What to produce
Print out every line of the material exactly. Include no pictures.

Data segment
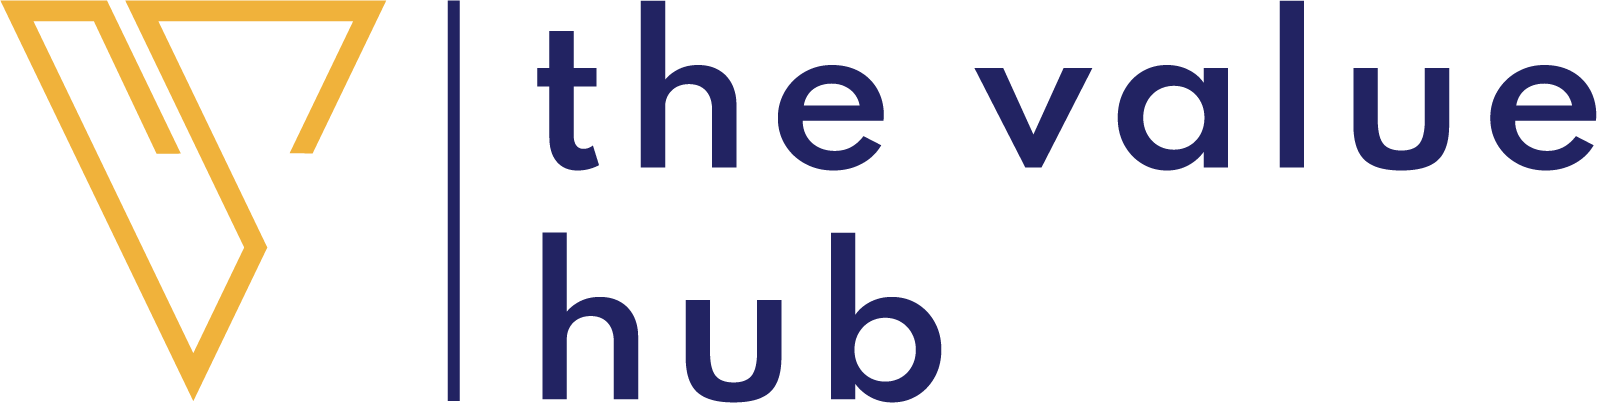 The Value Hub logo
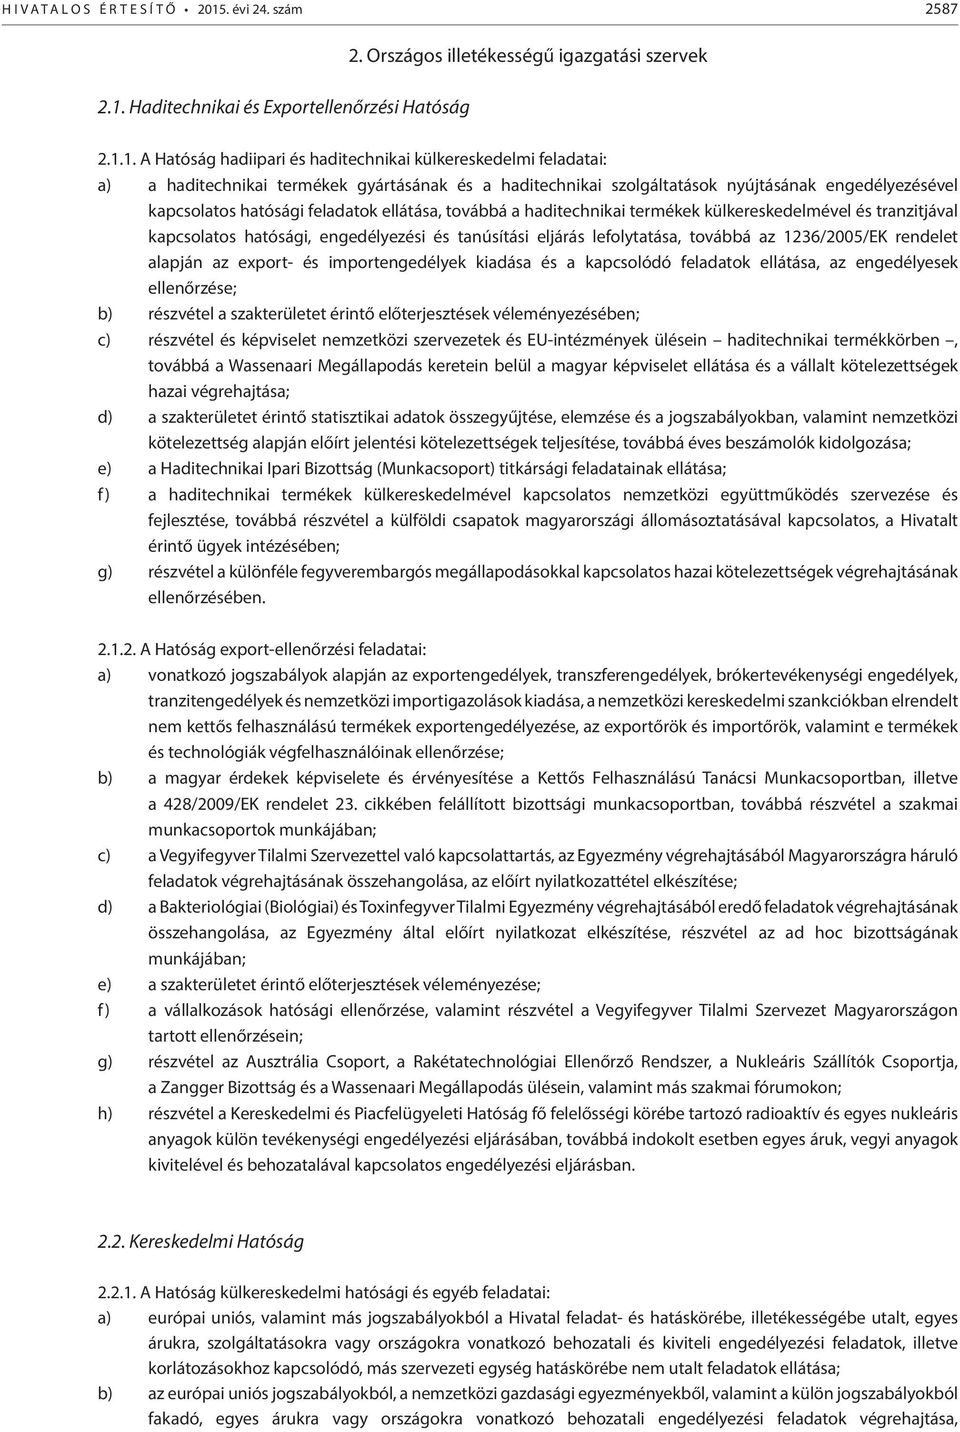 Haditechnikai és Exportellenőrzési Hatóság 2. Országos illetékességű igazgatási szervek 2.1.
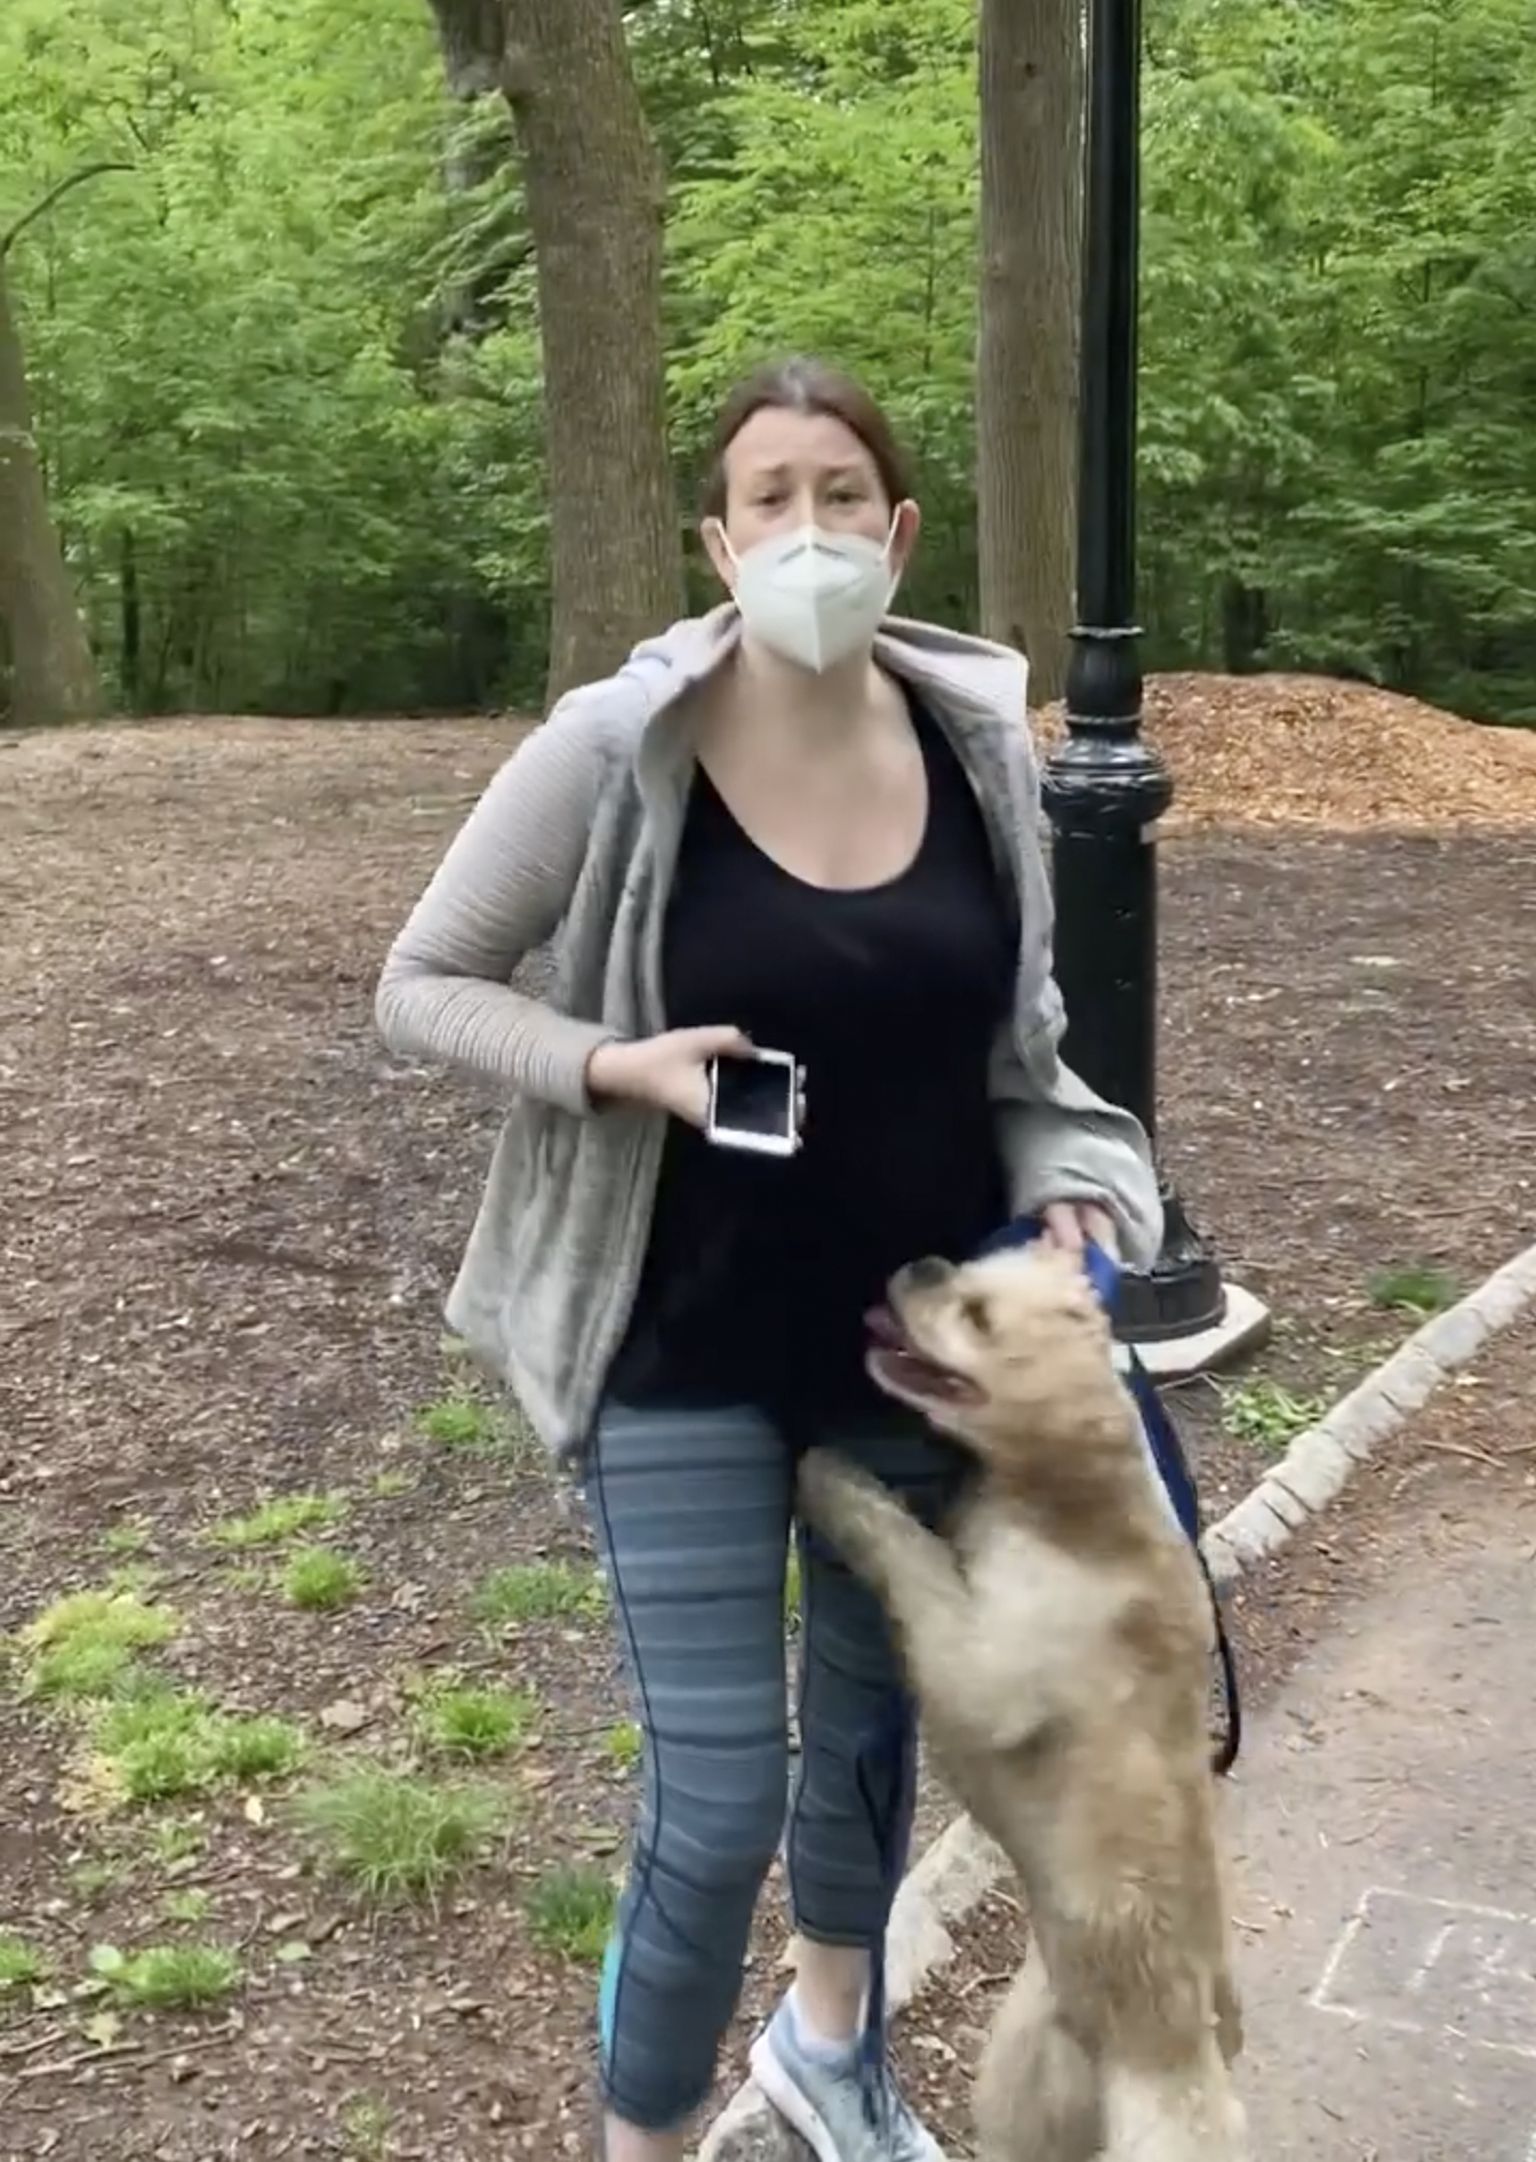 Kaader videost, millel on näha Amy Cooperit oma koeraga New Yorgi keskpargis

Written solution
 The Value Hub logo
 Haditechnikai és Exportellenőrzési Hatóság 2. Országos illetékességű igazgatási szervek 2.1.
 Kaader videost, millel on näha Amy Cooperit oma koeraga New Yorgi keskpargis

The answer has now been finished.